Opinion: Money in today’s political climate

The Pandoras Box known as the "Citizens United" decision

Wes Sanderson, Staff Writer

If you can’t tell by the bombardment of election ads on your TV screens, we are in the midst of a presidential election.

Candidates are making their pitch for citizens votes, but there is an elephant in the room, or more appropriately an ass. An ass with a net worth to the tune of $53.4 billion. Former New York City mayor, Michael Bloomberg is making noise as he attempts to run for the Democratic nomination for President on a self-funded campaign.

In an era where most of the Democratic field for president has pledged and rallied against big money donors and working in a more grass-roots campaign style, Bloomberg has become the political punching bag for many who want big money out of politics.

Though Bloomberg may be the target during this election cycle, the larger issue still stands. Voters today feel their voice is being muddled by those with vast amounts of wealth to spend to have their interests heard.

The sad truth is that money has been shown to talk, and campaign finance post “Citizens United vs. Federal Election Commission (FEC)” has become the wild west.

In 2010, “Citizen United vs. FEC” ruled that corporations have the same first amendment protections as living people. In other words, corporations have the same rights to spend money and have a voice in the political process.

The court upheld that corporations were not allowed to directly donate to campaigns, but the court created an avenue for them to wiggle through and still have influence over voters.

Instead of donating directly to campaigns, corporations have the right to run ads under what would be called Political Action Committees (PACs) which allowed corporations to band together to spend money to run ads either for or against certain political parties, candidates, and issues on all levels of government.

What is more controversial is the ruling stating that corporations did not have to report donors’ names if the company does not spend more than $10,000 annually.

Since “Citizen United” came down, total spending on congressional races alone has jumped over $3.2 billion since 2008, the last election before the 2010 decision.

With billions of dollars being thrown around to affect how voters chose candidates, is it wrong for the middle-class American to feel like they have less of a voice in our democratic process?

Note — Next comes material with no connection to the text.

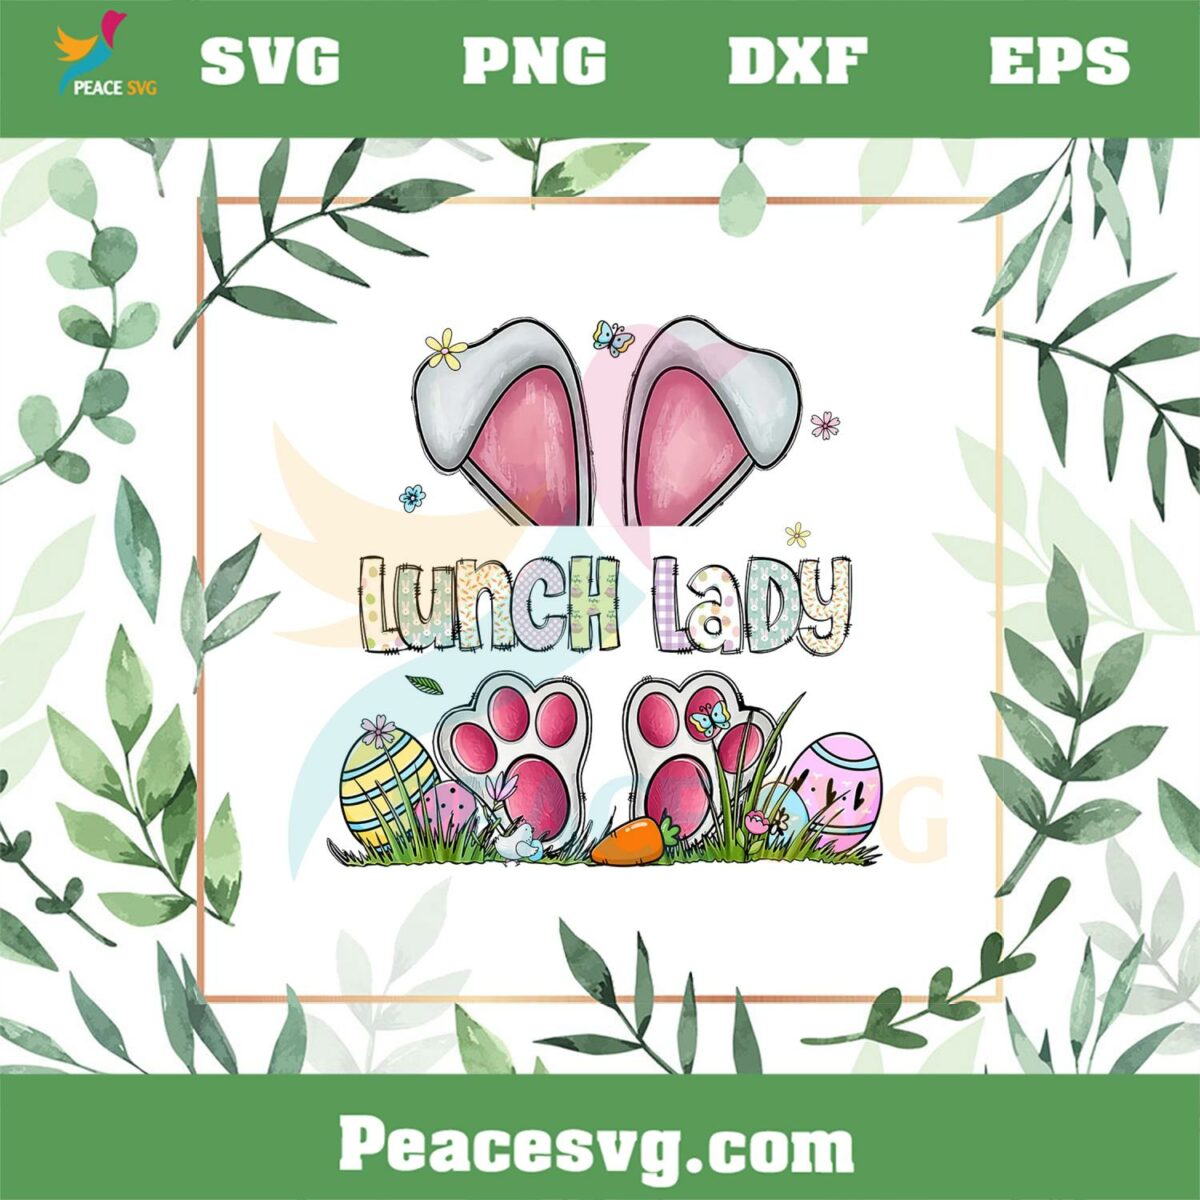 Cute Easter Lunch Lady Bunny Ear PNG Sublimation Designs

It’s time for the American voter to enact change to make our elections fairer and more transparent.

The ideal solution would be to overturn “Citizen United” and make it clear that corporations should not hold the same first amendment protections as you and I. Whether that be by re-litigating Citizens through the courts or by passing a constitutional amendment to rein in spending.

While it may seem radical, many 2020 hopefuls have been vocal about hopes to add this constitutional amendment overturning “Citizen United” and having greater oversight into the use of super PACs.

Senator Sanders even cosponsored an amendment in 2014 that allowed Congress to regulate campaign finance, shifting power away from the courts.

Campaign finance is not a radical idea; more importantly, finance reform should be something we as the majority of Americans should support and hope for.

While Bloomberg and the other multi-billionaires will continue to play the hand they have been dealt, it is up to the middle class to push for these reforms.

Keeping money local is the only way to ensure the best candidate will rise to the top. The more donors you have the more people you answer to. More importantly, the power is given back to the people.

It’s the simple truth; money talks and the average citizen, is not able to stand-up against the goliath known as the American corporate class and the ultra-rich.